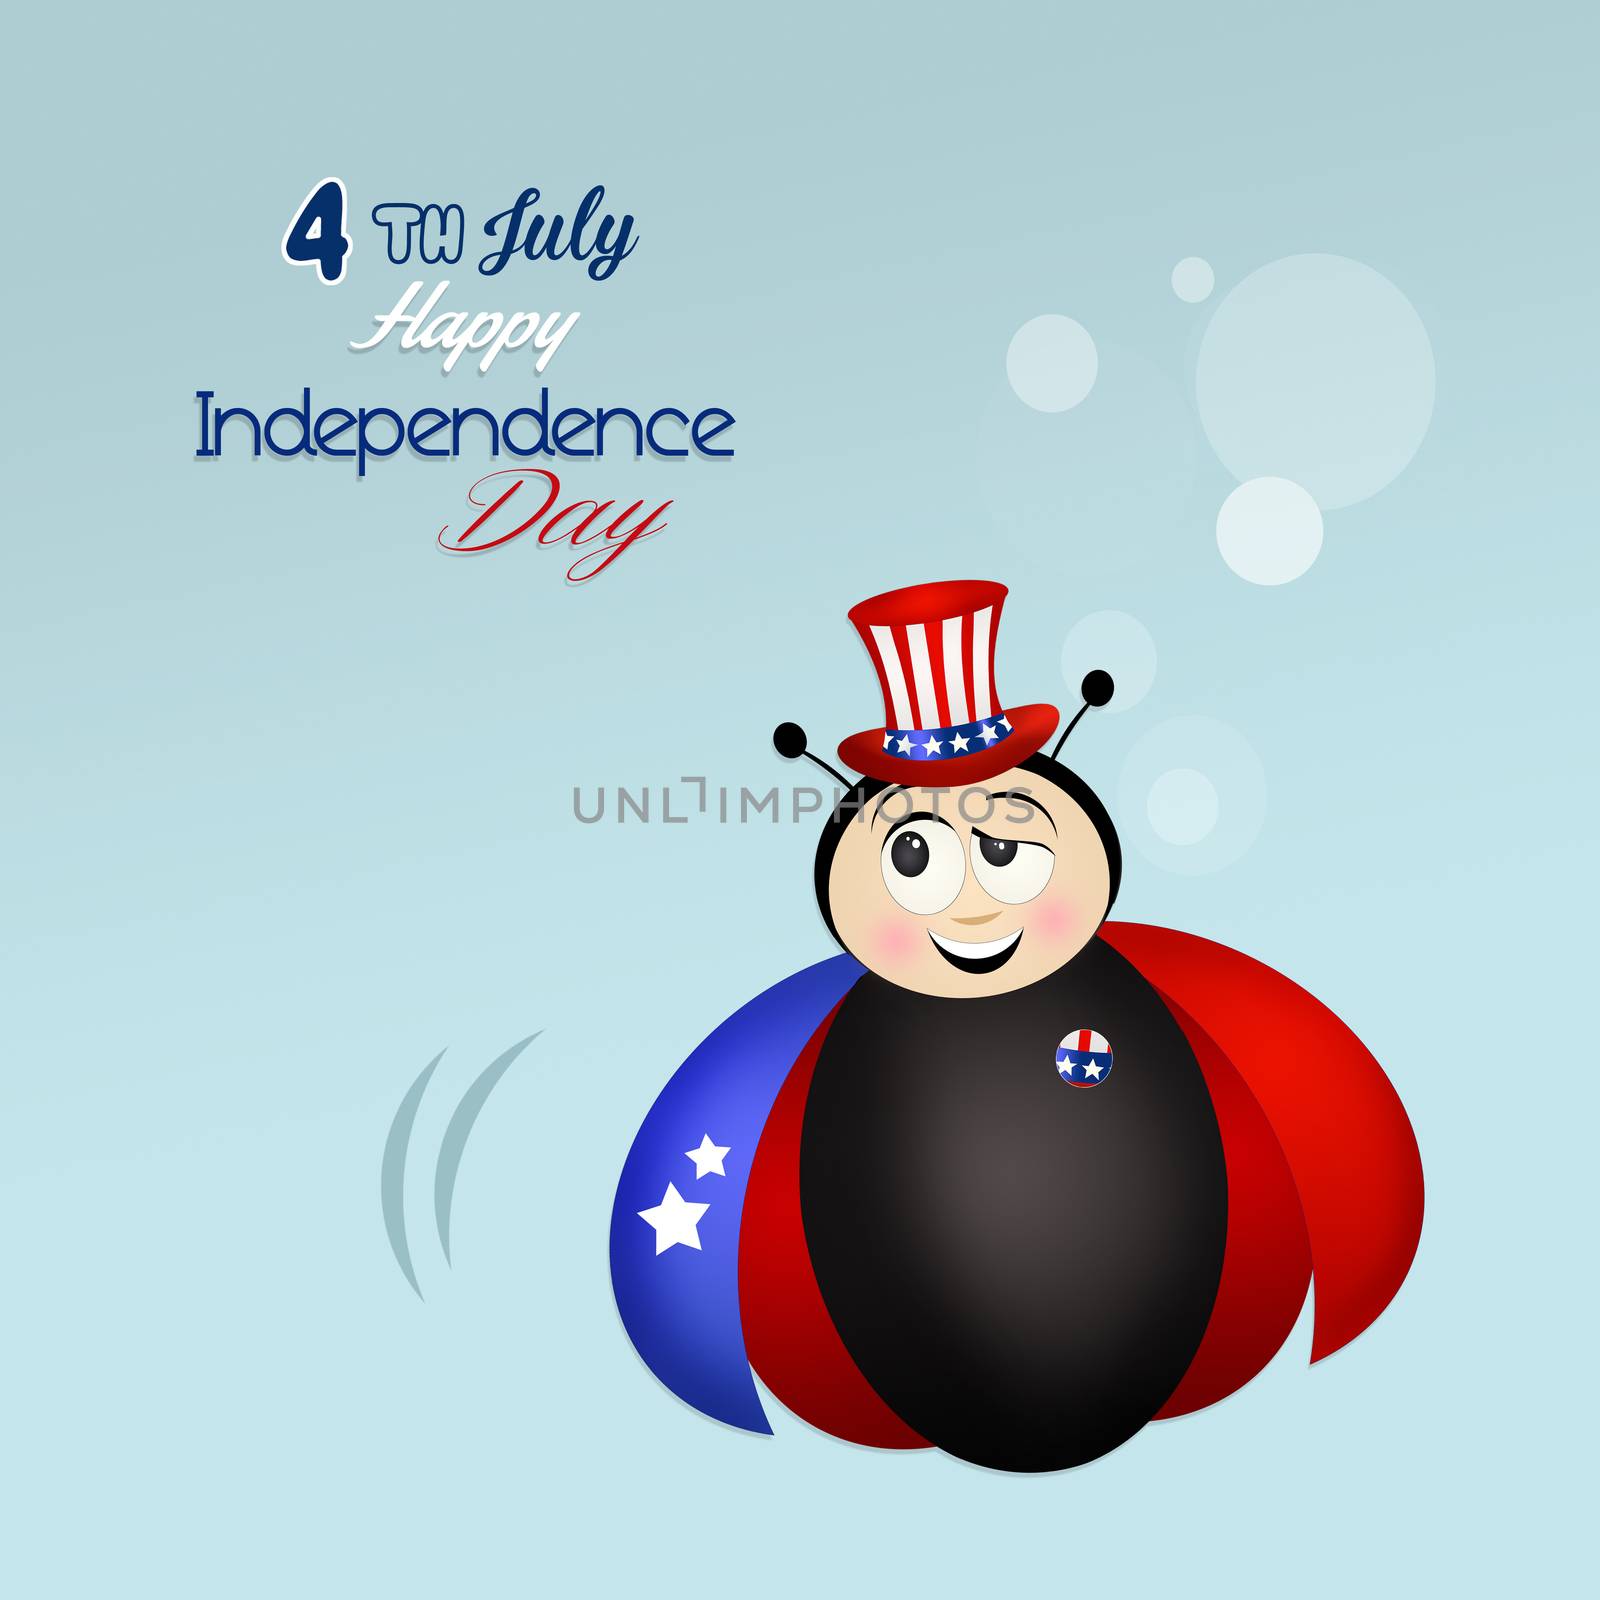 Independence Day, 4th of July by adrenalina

# # #

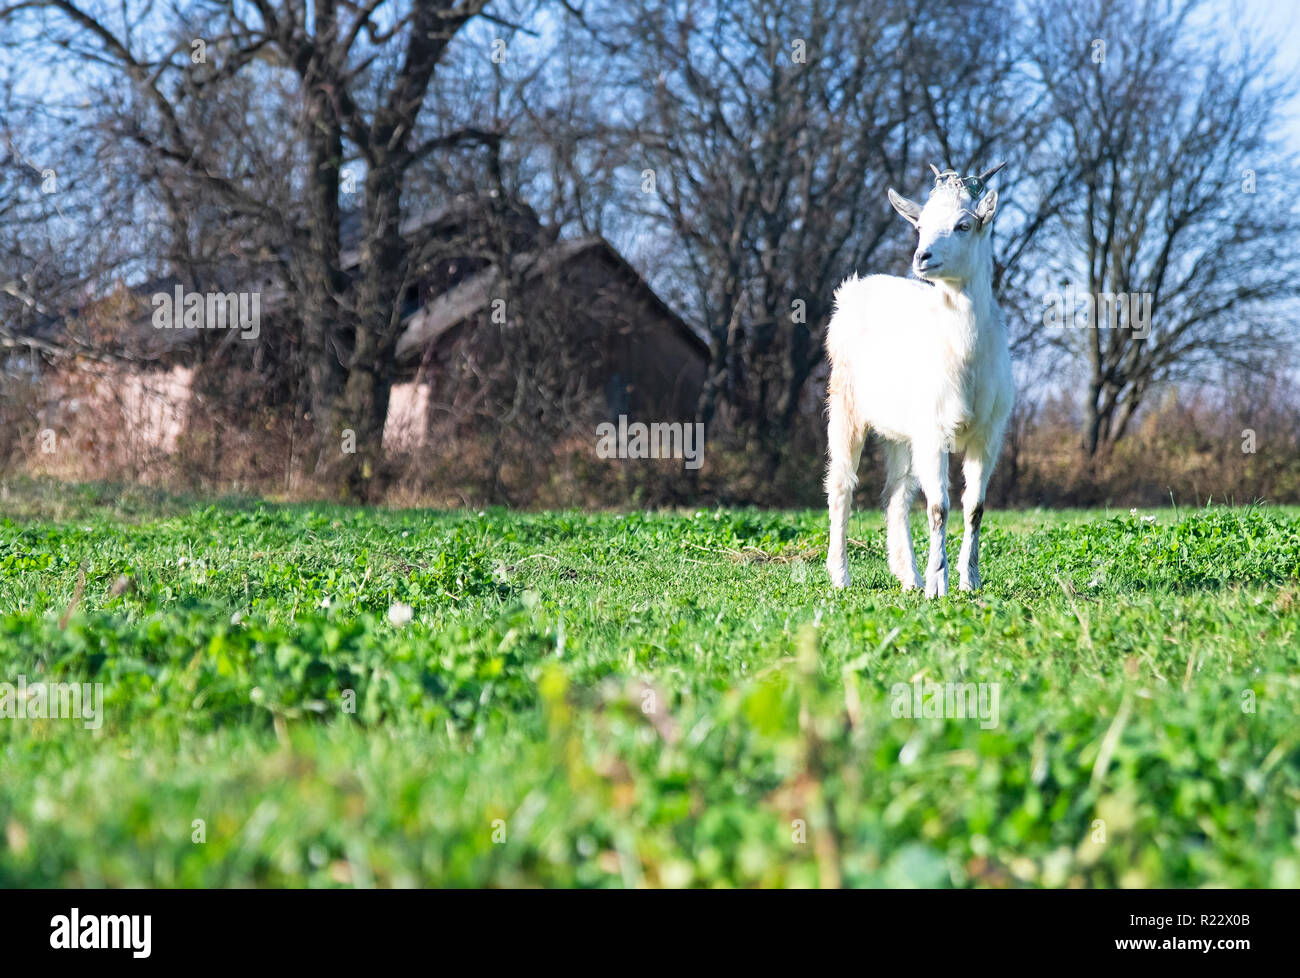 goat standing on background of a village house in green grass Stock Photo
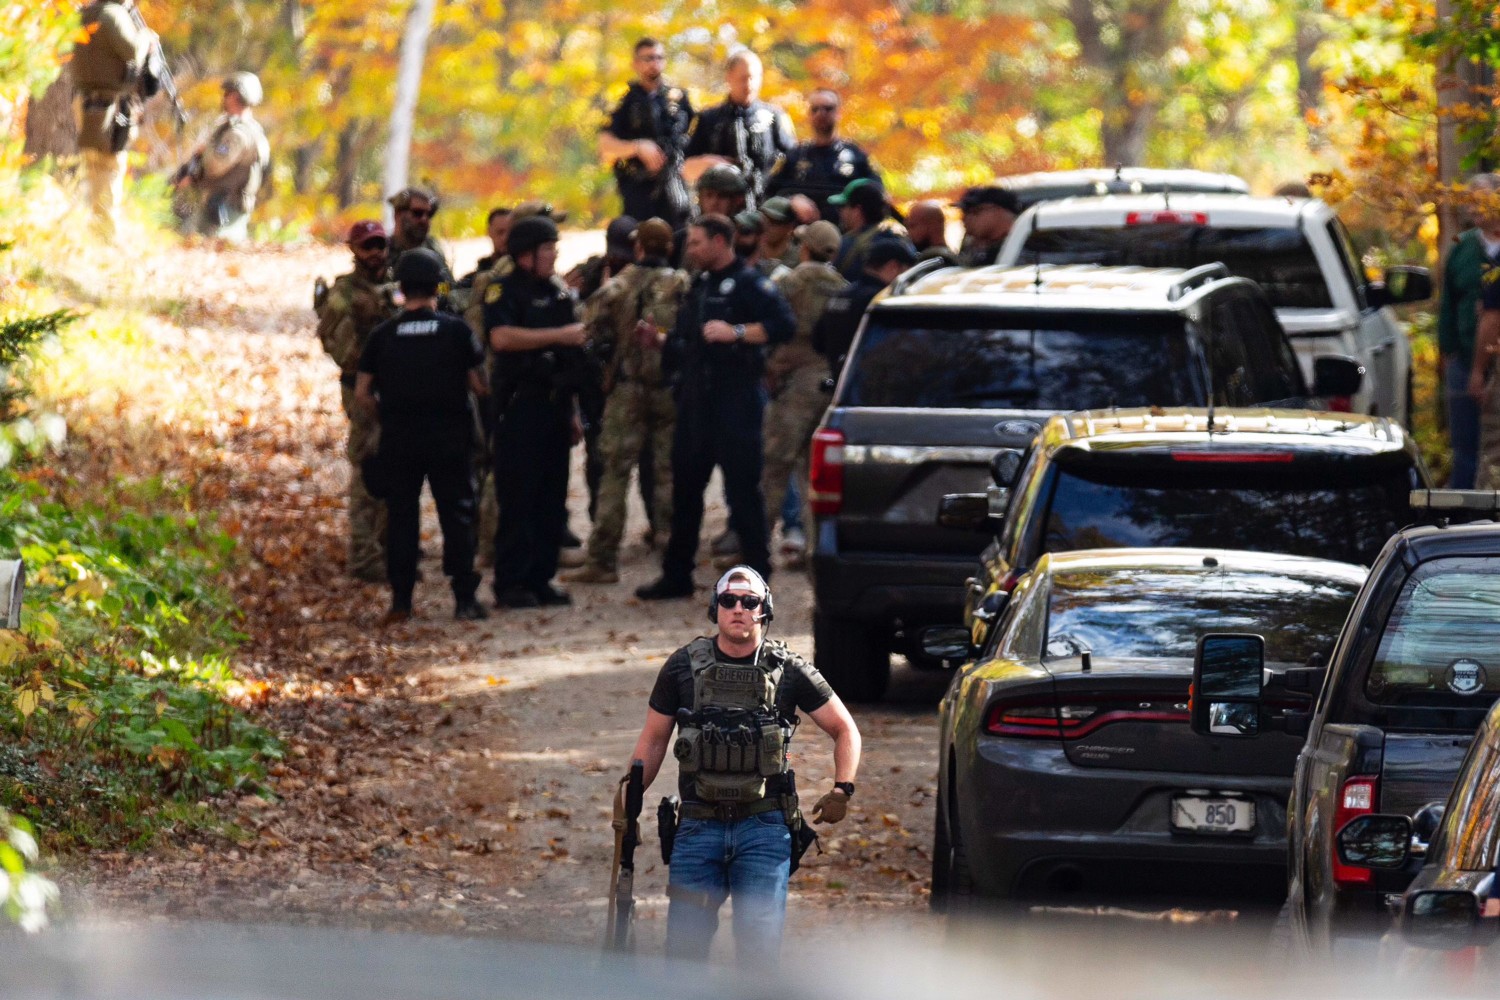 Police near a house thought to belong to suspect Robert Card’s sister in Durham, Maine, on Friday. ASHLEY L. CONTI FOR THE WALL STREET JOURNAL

# # #

Work request: The reply should hold exactly the lines above, starting at the line with "goat standing on" and ending at the line with "Police near a", and no pictures.

Answer below:
 goat standing on background of a village house in green grass Stock Photo
 Police near a house thought to belong to suspect Robert Card’s sister in Durham, Maine, on Friday. ASHLEY L. CONTI FOR THE WALL STREET JOURNAL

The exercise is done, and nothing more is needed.